[RFC PATCH v2 00/19] PKS write protected page tables
From: Rick Edgecombe
Date: Mon Aug 30 2021 - 20:00:01 EST
Hi,
This is a second RFC for the PKS write protected tables concept. I'm sharing to
show the progress to interested people. I'd also appreciate any comments,
especially on the direct map page table protection solution (patch 17).
Since v1[1], the improvements are:
- Fully handle direct map page tables, and handle hotplug/unplug path.
- Create a debug time checker that scans page tables and verifies
their protection.
- Fix odds-and-ends kernel page tables that showed up with debug
checker. At this point all of the typical normal page tables should be
protected.
- Fix toggling of writablility for odds-and-ends page table modifications found
that don't use the normal helpers.
- Create atomic context grouped page allocator, after finding some page table
allocations that are passing GFP_ATOMIC.
- Create "soft" mode that warns and disables protection on violation instead
of oopsing.
- Boot parameters for disabling pks tables
- Change PageTable set clear to ctor/dtor (peterz)
- Remove VM_BUG_ON_PAGE in alloc_table() (Shakeel Butt)
- PeterZ/Vlastimil had suggested to also build a non-PKS mode for use in
debugging. I skipped it for now because the series was too big.
- Rebased to latest PKS core v7 [2]
Also, Mike Rapoport has been experimenting[3] with this usage to work on how to
share caches of permissioned/broken pages between use cases.
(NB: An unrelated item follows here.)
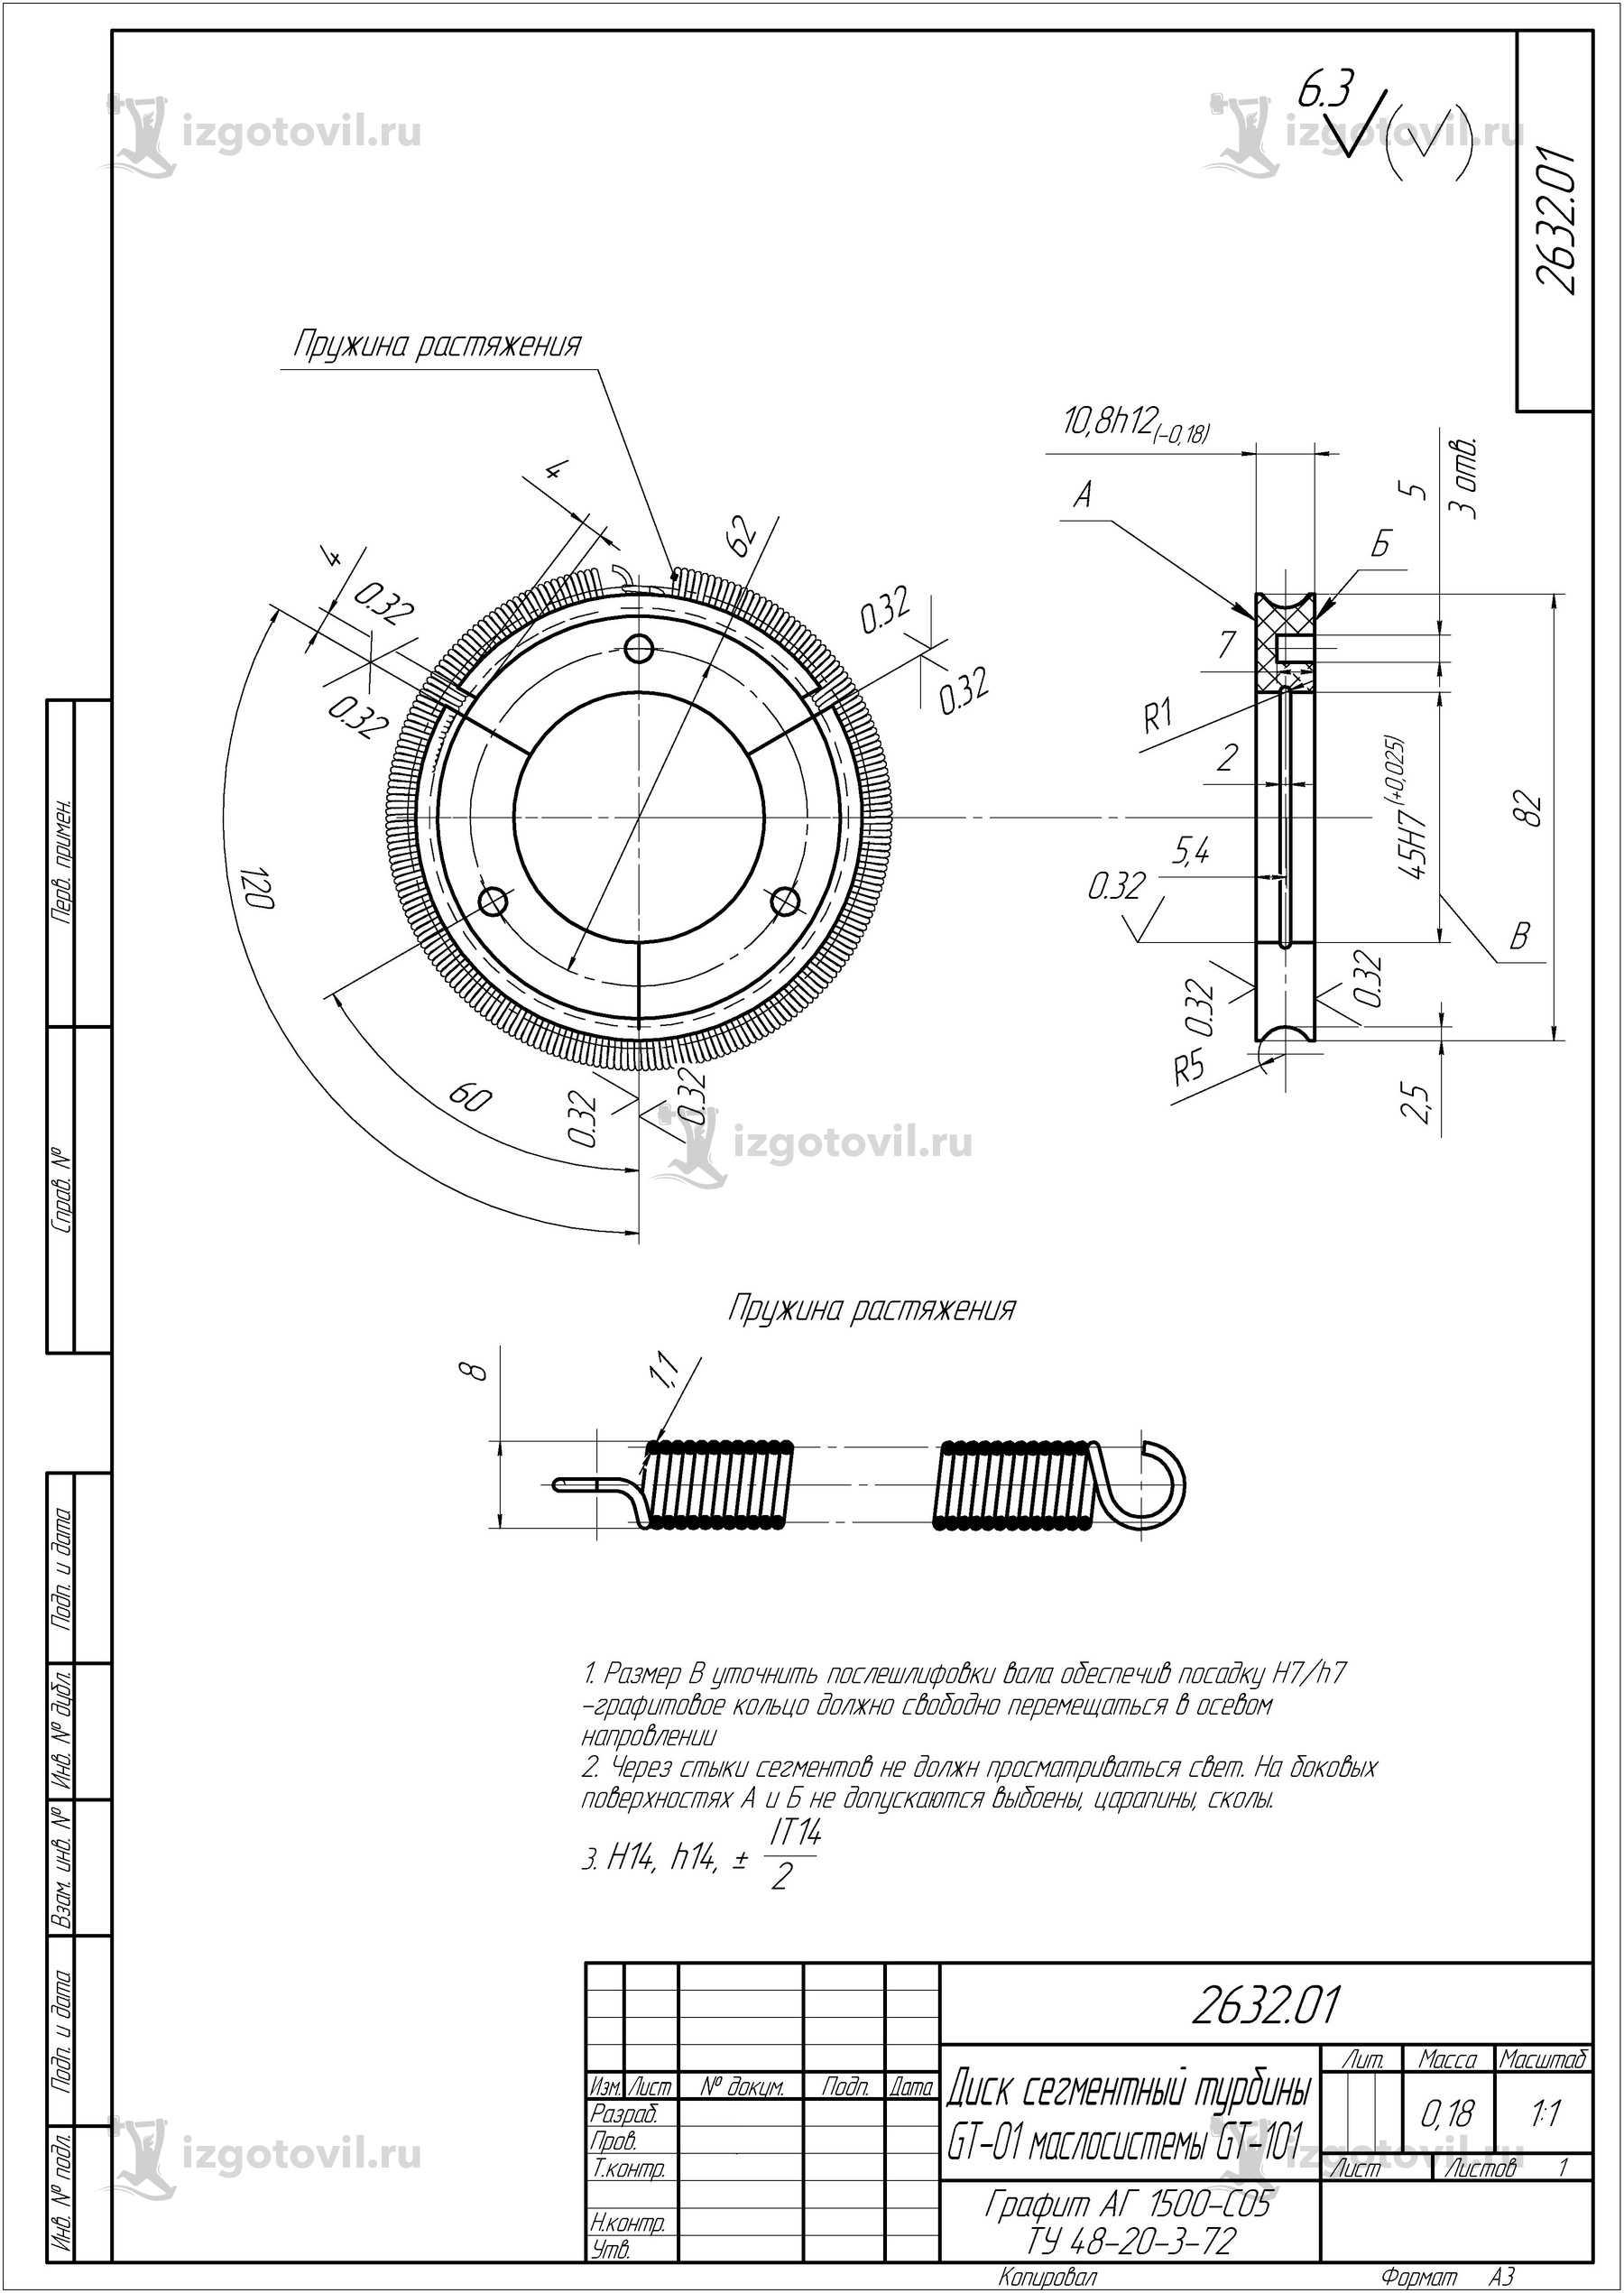 Изготовление деталей по чертежам (штоки в ассортименте)

This RFCv2 still
uses the "grouped pages" concept, where each usage would maintain its own
cache, but should be able to integrate with a central solution if something is
developed.
Next I was planning to look into characterizing/tuning the performance, although
what page allocation scheme is ultimately used will probably impact that.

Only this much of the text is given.